◆ **PROBLEM**
Without the images, write out the whole listing exactly.

◆ **GIVEN INFORMATION**
----

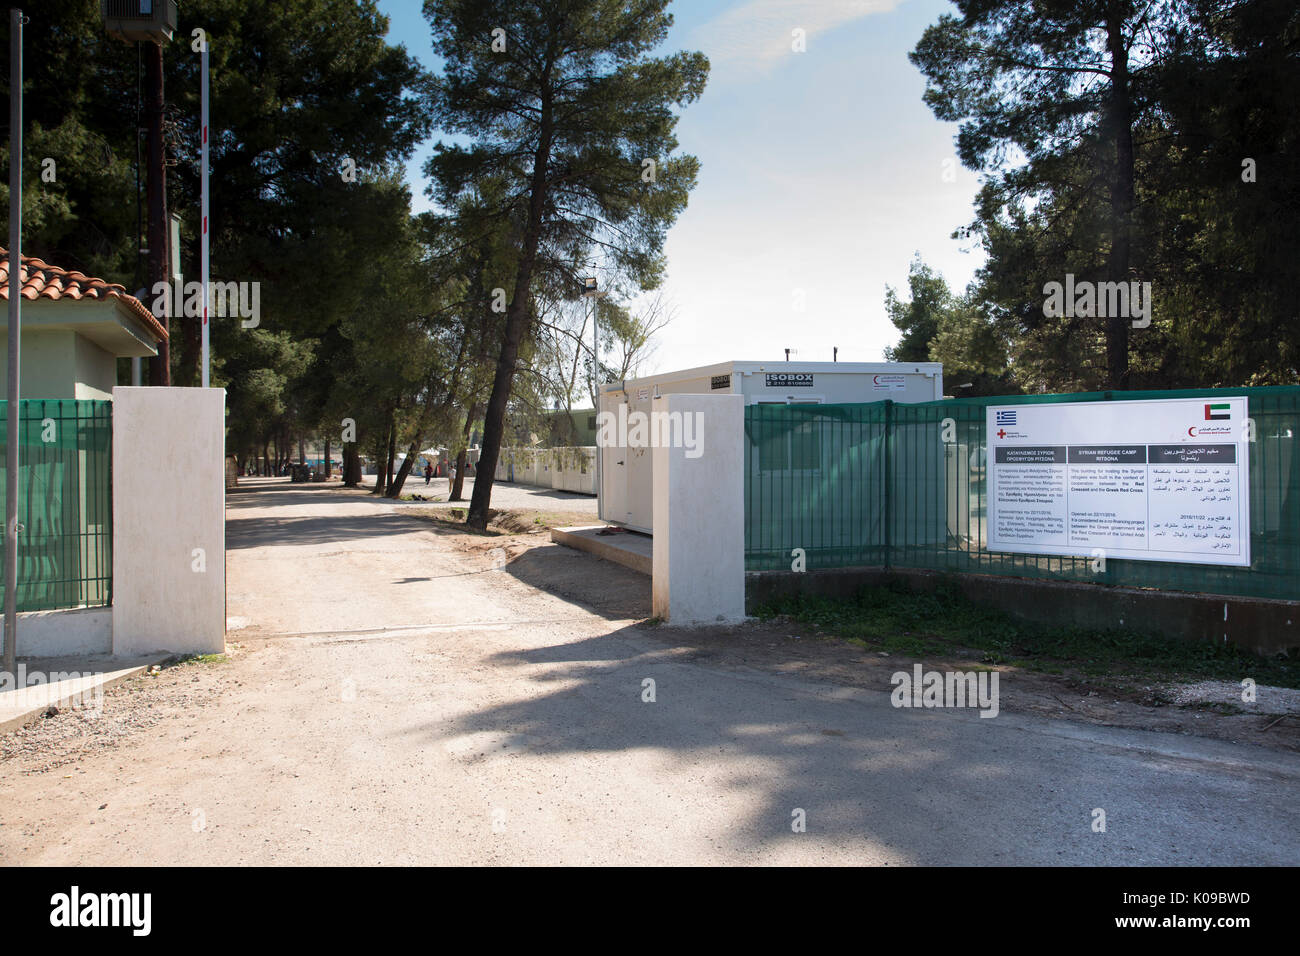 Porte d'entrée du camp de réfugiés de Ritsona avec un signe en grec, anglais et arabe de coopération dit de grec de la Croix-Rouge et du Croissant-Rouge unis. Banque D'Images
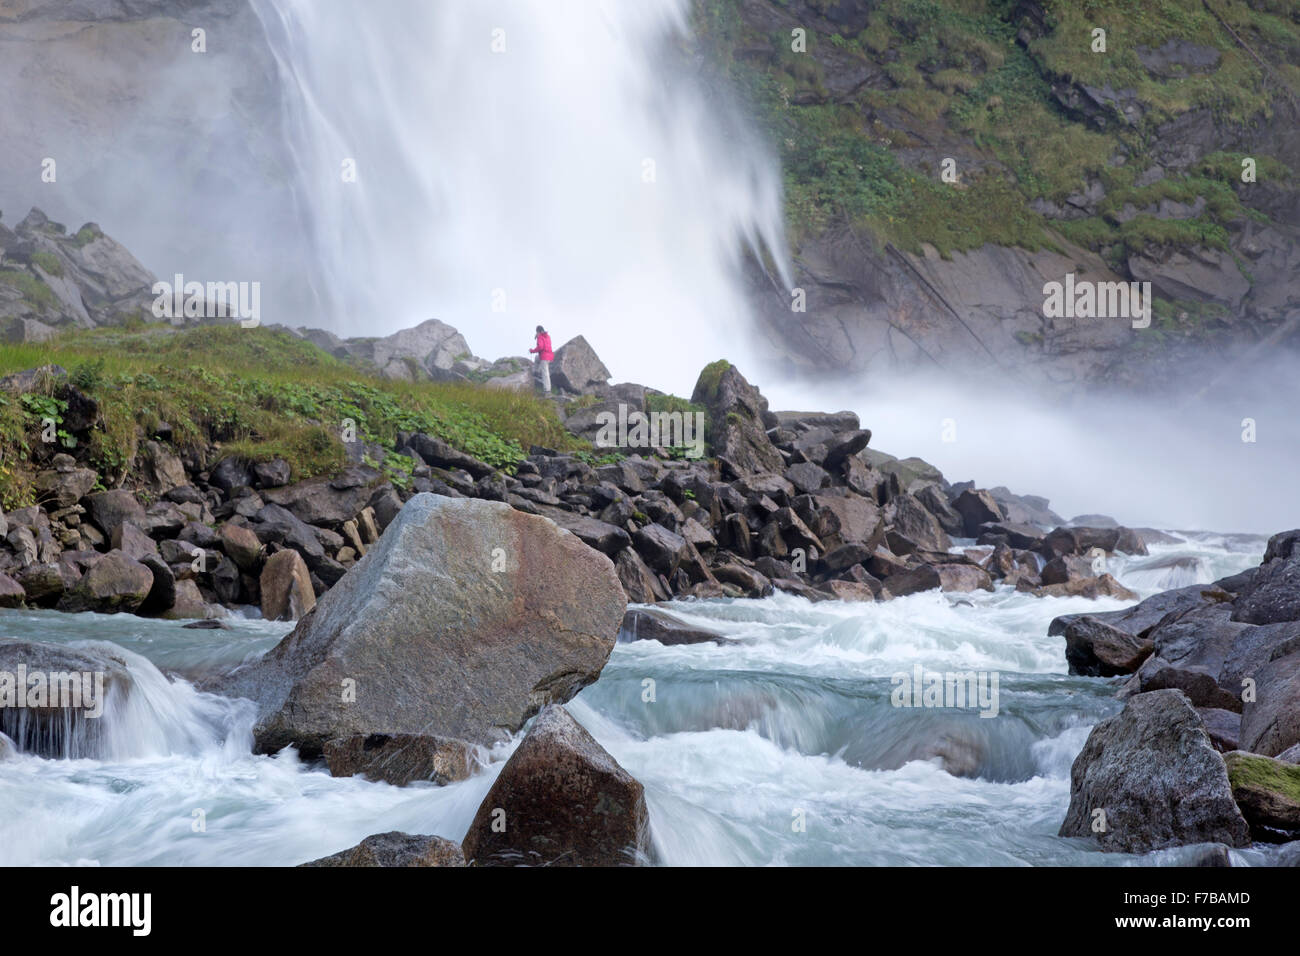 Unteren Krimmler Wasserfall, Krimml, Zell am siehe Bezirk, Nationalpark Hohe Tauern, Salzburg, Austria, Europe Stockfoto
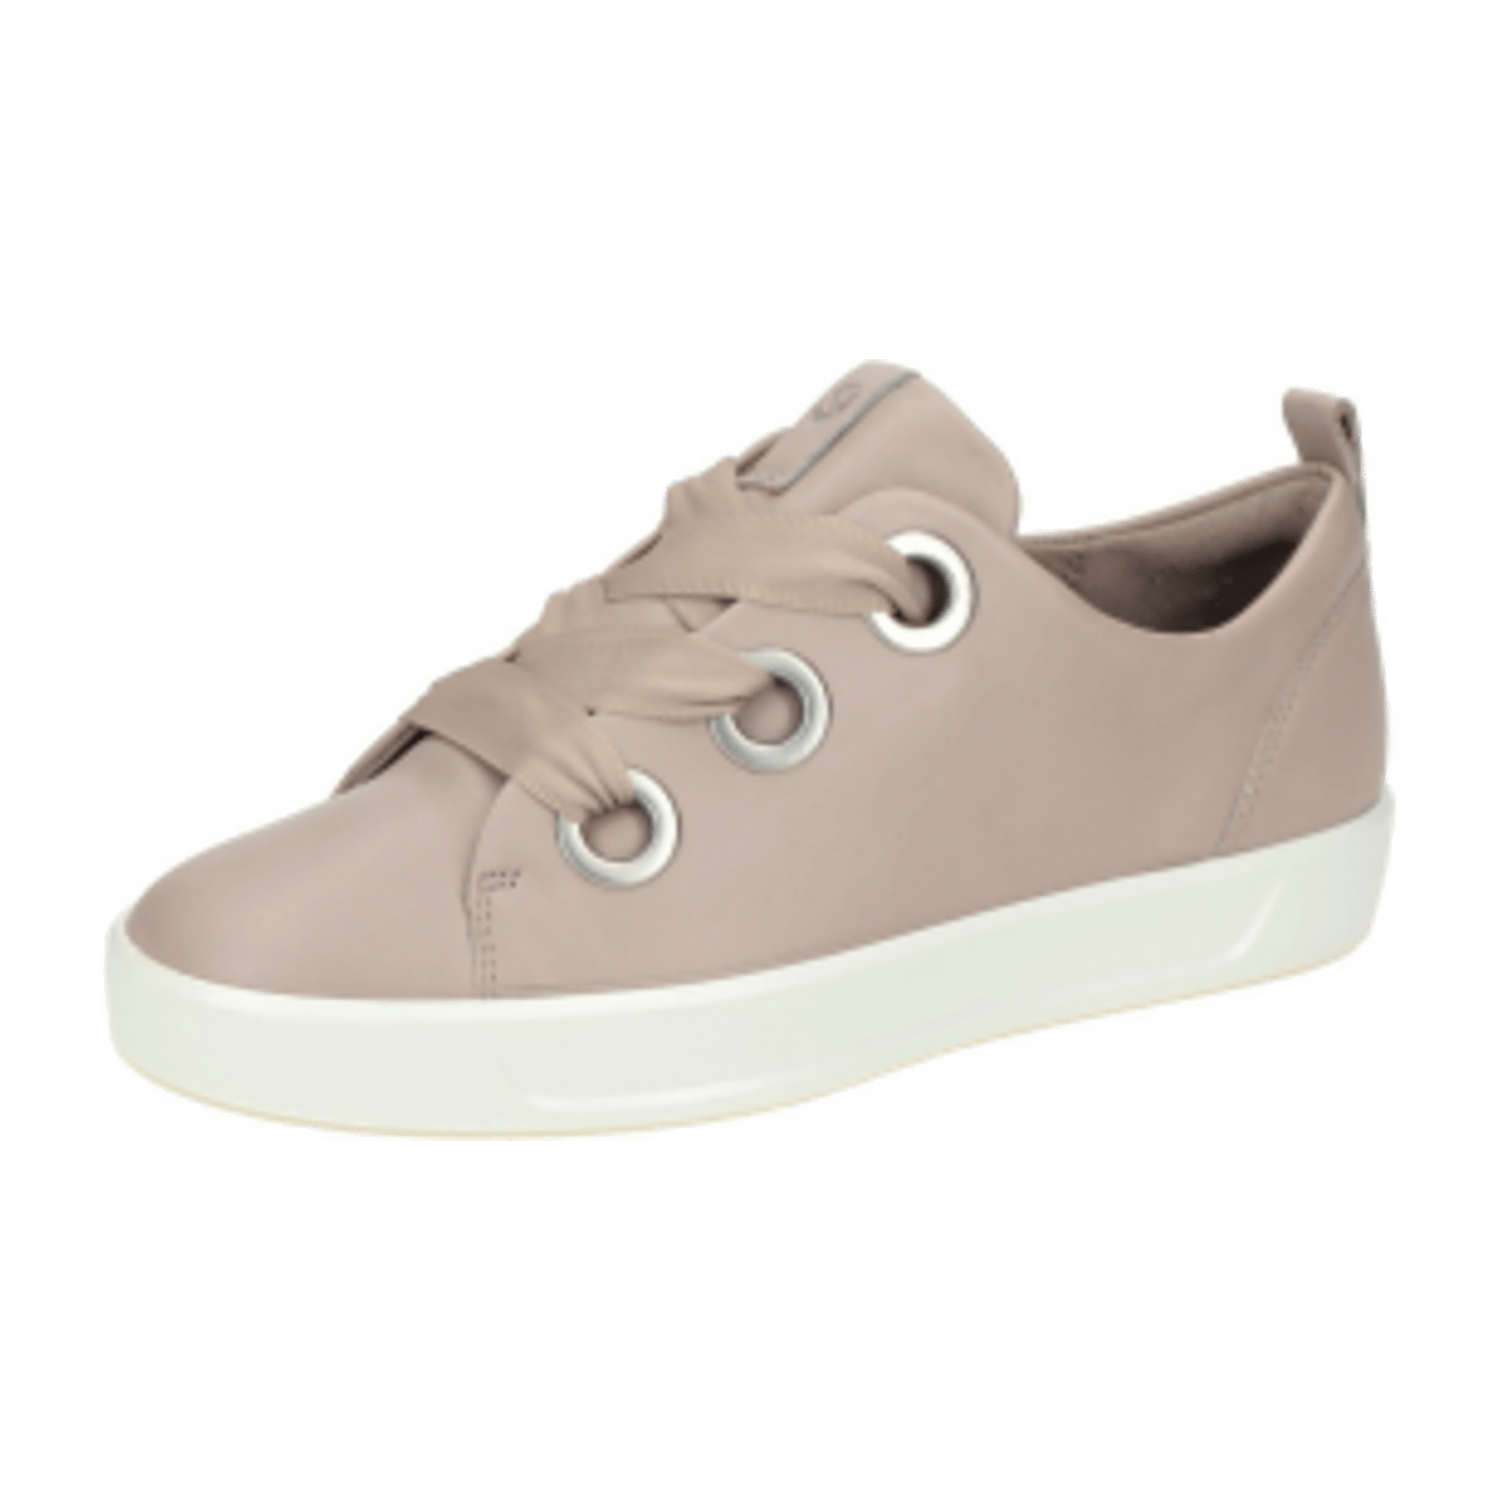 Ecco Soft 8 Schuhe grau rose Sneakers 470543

----

◆ **THE COMPLETED TASK**
 Porte d'entrée du camp de réfugiés de Ritsona avec un signe en grec, anglais et arabe de coopération dit de grec de la Croix-Rouge et du Croissant-Rouge unis. Banque D'Images
 Unteren Krimmler Wasserfall, Krimml, Zell am siehe Bezirk, Nationalpark Hohe Tauern, Salzburg, Austria, Europe Stockfoto
 Ecco Soft 8 Schuhe grau rose Sneakers 470543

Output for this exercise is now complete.